The Labor Department said the Consumer Price Index was flat last month, as expected, after falling 0.1 percent in March. Compared to the same period last year, consumer prices fell 0.7 percent, the biggest 12-month decline since June 1955.

A separate report from the Federal Reserve showed industrial production fell 0.5 percent last month, the sixth consecutive monthly decline but a more modest drop than in recent months. A month earlier, output fell by 1.7 percent.

The capacity utilization rate for total industry, a measure of slack in the economy, fell to 69.1 percent in April, the lowest level on records dating back to 1967.

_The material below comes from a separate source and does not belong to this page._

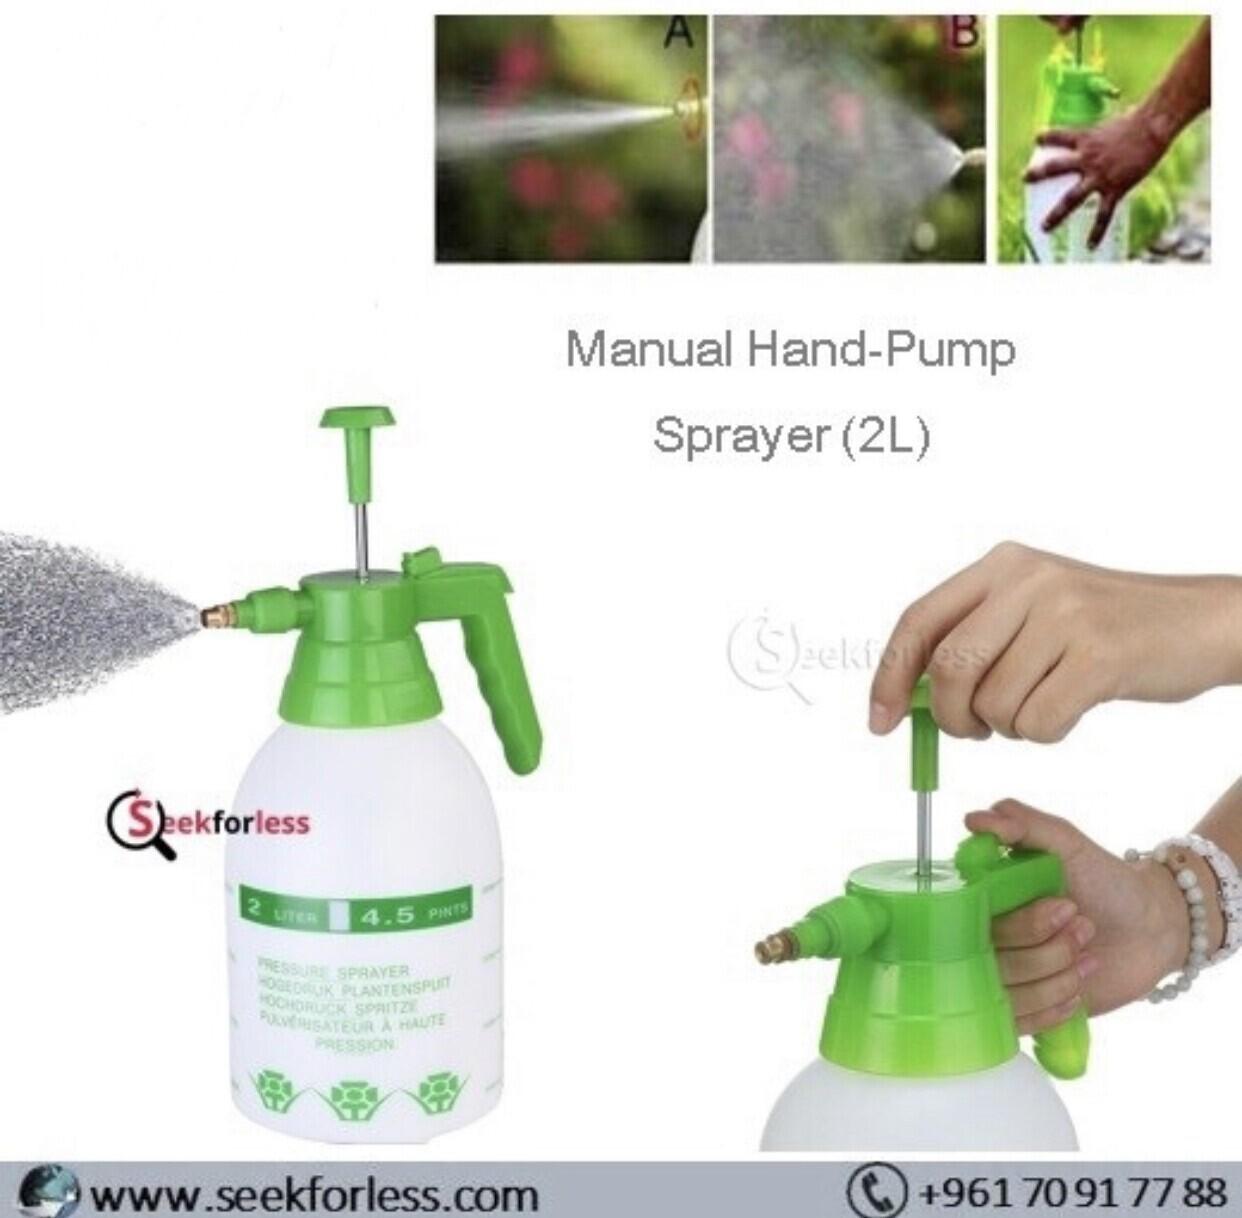 Hand-Pump Sprayer

Companies in the fall decisively cut their production levels to below the level of sales, resulting in a sharp decrease in business inventories in the first quarter, said Tony Crescenzi, chief bond analyst at Miller Tabak & Co in New York.

The recalibration is facilitating stabilization in production, which will show through to a variety of data.

Adding to the somewhat-less-gloomy picture, the Reuters/University of Michigan Surveys of Consumers' preliminary index of confidence for May rose to 67.9 from 65.1 in April. The index of consumer expectations jumped to 69.0, its highest level since October 2007, from 63.1.

Separately, the New York Federal Reserve Bank's index of manufacturing activity in New York State climbed to minus 4.55 in May, its highest level since August 2008, a month before the Lehman collapse ushered in a much deeper global slump.

All together, the figures provided more signs that the pace of recession may be easing. The current downturn, which began in December 2007, is already the longest since the Great Depression.


Rising unemployment has eroded household income and undercut consumer demand. The lack of demand and general slack in the economy have robbed companies of pricing power, keeping inflation low and heightening concerns about a dangerous downward price spiral.

The CPI report offered something to think about both for those who are worried about falling prices and those who are concerned about the risk of inflation as a flood of stimulus money flows through the economy.

The Fed, which has pumped more than $1 trillion into the economy in a bid to break its downward spiral, is worried about deflation although it sees the risks as diminishing.

While the headline inflation figure was flat, and economists widely expect negative readings later this year, core prices, which exclude food and energy items, rose a faster-than-expected 0.3 percent.

That was driven largely by a second consecutive large gain in the cost of tobacco as a government excise tax went into effect.